Let’s extract from the text the drug names and their reported dosages. This could be of real use to identify possible medication errors by checking if the dosages are in accordance with standards and guidelines.
from spacy.matcher import Matcher
pattern = [{'ENT_TYPE':'CHEMICAL'}, {'LIKE_NUM': True}, {'IS_ASCII': True}]
matcher = Matcher(nlp.vocab)
matcher.add("DRUG_DOSE", [pattern])
The code above creates a pattern to identify a sequence of three tokens:
- A token whose entity type is CHEMICAL (drug name)
- A token that resembles a number (dosage)
- A token that consists of ASCII characters (units, like mg or mL)
Then we initialize the Matcher with a vocabulary. The matcher must always share the same vocab with the documents it will operate on, so we use the nlp
object vocab. We then add this pattern to the matcher and give it an ID.

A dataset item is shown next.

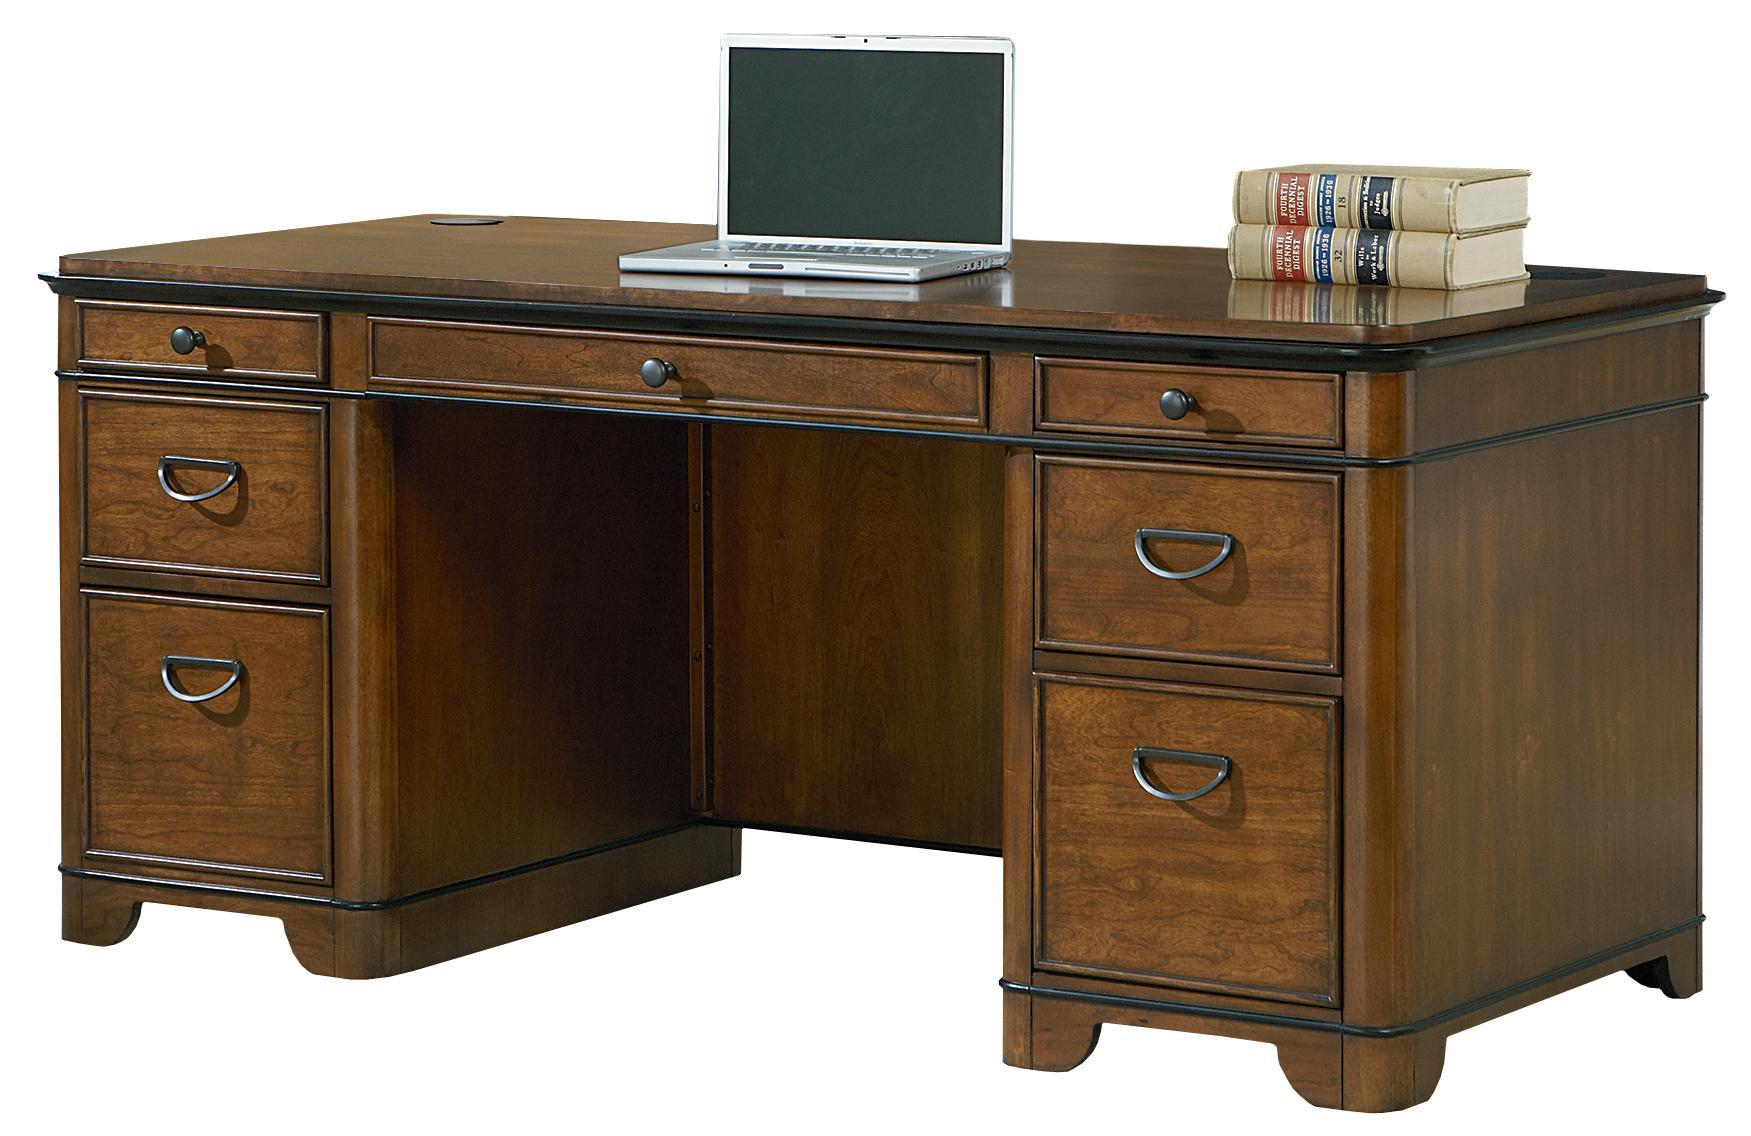 amazon com martin furniture kensington double pedestal executive rh amazon com modern executive computer desk modern executive computer desk

Now we can loop through all transcriptions and extract the text matching this pattern:
for transcription in med_transcript_small['transcription']:
doc = nlp(transcription)
matches = matcher(doc)
for match_id, start, end in matches:
string_id = nlp.vocab.strings[match_id] # get string representation
span = doc[start:end] # the matched span
print(string_id, start, end, span.text)
DRUG_DOSE 137 140 Xylocaine 20 mL
DRUG_DOSE 141 144 Marcaine 0.25%
DRUG_DOSE 208 211 Aspirin 81 mg
DRUG_DOSE 216 219 Spiriva 10 mcg
DRUG_DOSE 399 402 nifedipine 10 mg
DRUG_DOSE 226 229 aspirin one tablet
DRUG_DOSE 245 248 Warfarin 2.5 mg
DRUG_DOSE 67 70 Topamax 100 mg
...
DRUG_DOSE 193 196 Metamucil one pack
DRUG_DOSE 207 210 Nexium 40 mg
DRUG_DOSE 1133 1136 Naprosyn one p.o
DRUG_DOSE 290 293 Lidocaine 1%
DRUG_DOSE 37 40 Altrua 60,
...
DRUG_DOSE 74 77 Lidocaine 1.5%
DRUG_DOSE 209 212 Dilantin 300 mg
DRUG_DOSE 217 220 Haloperidol 1 mg
DRUG_DOSE 225 228 Dexamethasone 4 mg
DRUG_DOSE 234 237 Docusate 100 mg
DRUG_DOSE 250 253 Ibuprofen 600 mg
DRUG_DOSE 258 261 Zantac 150 mg
...
DRUG_DOSE 204 207 epinephrine 7 ml
DRUG_DOSE 214 217 Percocet 5,
DRUG_DOSE 55 58 . 4.
DRUG_DOSE 146 149 . 4.
DRUG_DOSE 2409 2412 Naprosyn 375 mg
DRUG_DOSE 141 144 Wellbutrin 300 mg
DRUG_DOSE 146 149 Xanax 0.25 mg
DRUG_DOSE 158 161 omeprazole 20 mg
...
Nice, we did it!
We successfully extracted drugs and dosages, including different kinds of units like mg, mL, %, packs.
Conclusions
Here we learned how to use some features of scispaCy and spaCy like NER and rule-base matching. We used one NER model, but there lots of others and you should totally check them out. For instance, the en_ner_bionlp13cg_md
model can identify anatomical parts, tissues, cell types, and more. Imagine what else you could do with that!
We also didn’t focus too much on preprocessing steps, but they are fundamental to get better results. Don’t forget to explore your data and adapt the preprocessing steps to the NLP tasks you want to do.
References
Neumann, M., King, D., Beltagy, I., & Ammar, W. (2019). Scispacy: Fast and robust models for biomedical natural language processing. arXiv preprint arXiv:1902.07669.
Honnibal, M., Montani, I., Van Landeghem, S., Boyd, A. (2020). spaCy: Industrial-strength Natural Language Processing in Python.